*Your instructions:*
Given the material below, return only the lines starting at the line with "WE LOVE YOU" and ending at the line with "Socio-demographic and clinical", exactly as they appear.

---------- Data for review

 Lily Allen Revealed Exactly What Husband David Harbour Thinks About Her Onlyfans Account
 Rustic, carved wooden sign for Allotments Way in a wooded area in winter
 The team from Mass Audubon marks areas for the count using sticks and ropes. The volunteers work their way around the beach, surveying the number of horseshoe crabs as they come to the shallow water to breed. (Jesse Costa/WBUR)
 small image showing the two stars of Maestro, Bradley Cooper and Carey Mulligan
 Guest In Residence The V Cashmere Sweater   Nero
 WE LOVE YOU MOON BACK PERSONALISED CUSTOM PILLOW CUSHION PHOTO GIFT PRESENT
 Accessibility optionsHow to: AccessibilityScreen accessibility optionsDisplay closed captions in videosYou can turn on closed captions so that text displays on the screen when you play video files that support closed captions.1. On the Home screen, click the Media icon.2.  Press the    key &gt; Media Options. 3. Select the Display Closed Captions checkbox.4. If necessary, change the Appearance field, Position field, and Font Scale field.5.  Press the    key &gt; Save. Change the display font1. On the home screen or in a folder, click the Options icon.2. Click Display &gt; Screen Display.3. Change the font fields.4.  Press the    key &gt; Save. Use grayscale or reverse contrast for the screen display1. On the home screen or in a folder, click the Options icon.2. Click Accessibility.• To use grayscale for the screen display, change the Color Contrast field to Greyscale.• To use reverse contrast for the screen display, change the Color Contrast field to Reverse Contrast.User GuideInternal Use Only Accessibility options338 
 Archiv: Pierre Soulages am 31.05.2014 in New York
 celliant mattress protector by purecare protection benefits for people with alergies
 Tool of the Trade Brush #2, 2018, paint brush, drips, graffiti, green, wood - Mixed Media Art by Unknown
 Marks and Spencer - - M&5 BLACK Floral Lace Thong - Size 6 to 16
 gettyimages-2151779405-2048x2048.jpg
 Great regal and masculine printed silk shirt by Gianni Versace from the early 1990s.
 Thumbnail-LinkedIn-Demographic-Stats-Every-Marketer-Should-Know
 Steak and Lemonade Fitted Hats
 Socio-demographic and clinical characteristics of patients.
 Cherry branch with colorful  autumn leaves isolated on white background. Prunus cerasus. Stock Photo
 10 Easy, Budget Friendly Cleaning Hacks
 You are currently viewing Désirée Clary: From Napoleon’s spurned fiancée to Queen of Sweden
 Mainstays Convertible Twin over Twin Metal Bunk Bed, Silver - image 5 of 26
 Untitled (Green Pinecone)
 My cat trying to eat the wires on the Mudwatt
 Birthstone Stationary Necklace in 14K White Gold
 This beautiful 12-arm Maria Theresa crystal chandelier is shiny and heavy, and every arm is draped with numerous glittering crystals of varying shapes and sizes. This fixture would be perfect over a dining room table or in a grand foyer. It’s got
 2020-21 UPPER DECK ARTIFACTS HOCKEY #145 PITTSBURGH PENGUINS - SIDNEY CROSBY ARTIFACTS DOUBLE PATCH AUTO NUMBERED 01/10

--------------------

*Your response:*
 WE LOVE YOU MOON BACK PERSONALISED CUSTOM PILLOW CUSHION PHOTO GIFT PRESENT
 Accessibility optionsHow to: AccessibilityScreen accessibility optionsDisplay closed captions in videosYou can turn on closed captions so that text displays on the screen when you play video files that support closed captions.1. On the Home screen, click the Media icon.2.  Press the    key &gt; Media Options. 3. Select the Display Closed Captions checkbox.4. If necessary, change the Appearance field, Position field, and Font Scale field.5.  Press the    key &gt; Save. Change the display font1. On the home screen or in a folder, click the Options icon.2. Click Display &gt; Screen Display.3. Change the font fields.4.  Press the    key &gt; Save. Use grayscale or reverse contrast for the screen display1. On the home screen or in a folder, click the Options icon.2. Click Accessibility.• To use grayscale for the screen display, change the Color Contrast field to Greyscale.• To use reverse contrast for the screen display, change the Color Contrast field to Reverse Contrast.User GuideInternal Use Only Accessibility options338 
 Archiv: Pierre Soulages am 31.05.2014 in New York
 celliant mattress protector by purecare protection benefits for people with alergies
 Tool of the Trade Brush #2, 2018, paint brush, drips, graffiti, green, wood - Mixed Media Art by Unknown
 Marks and Spencer - - M&5 BLACK Floral Lace Thong - Size 6 to 16
 gettyimages-2151779405-2048x2048.jpg
 Great regal and masculine printed silk shirt by Gianni Versace from the early 1990s.
 Thumbnail-LinkedIn-Demographic-Stats-Every-Marketer-Should-Know
 Steak and Lemonade Fitted Hats
 Socio-demographic and clinical characteristics of patients.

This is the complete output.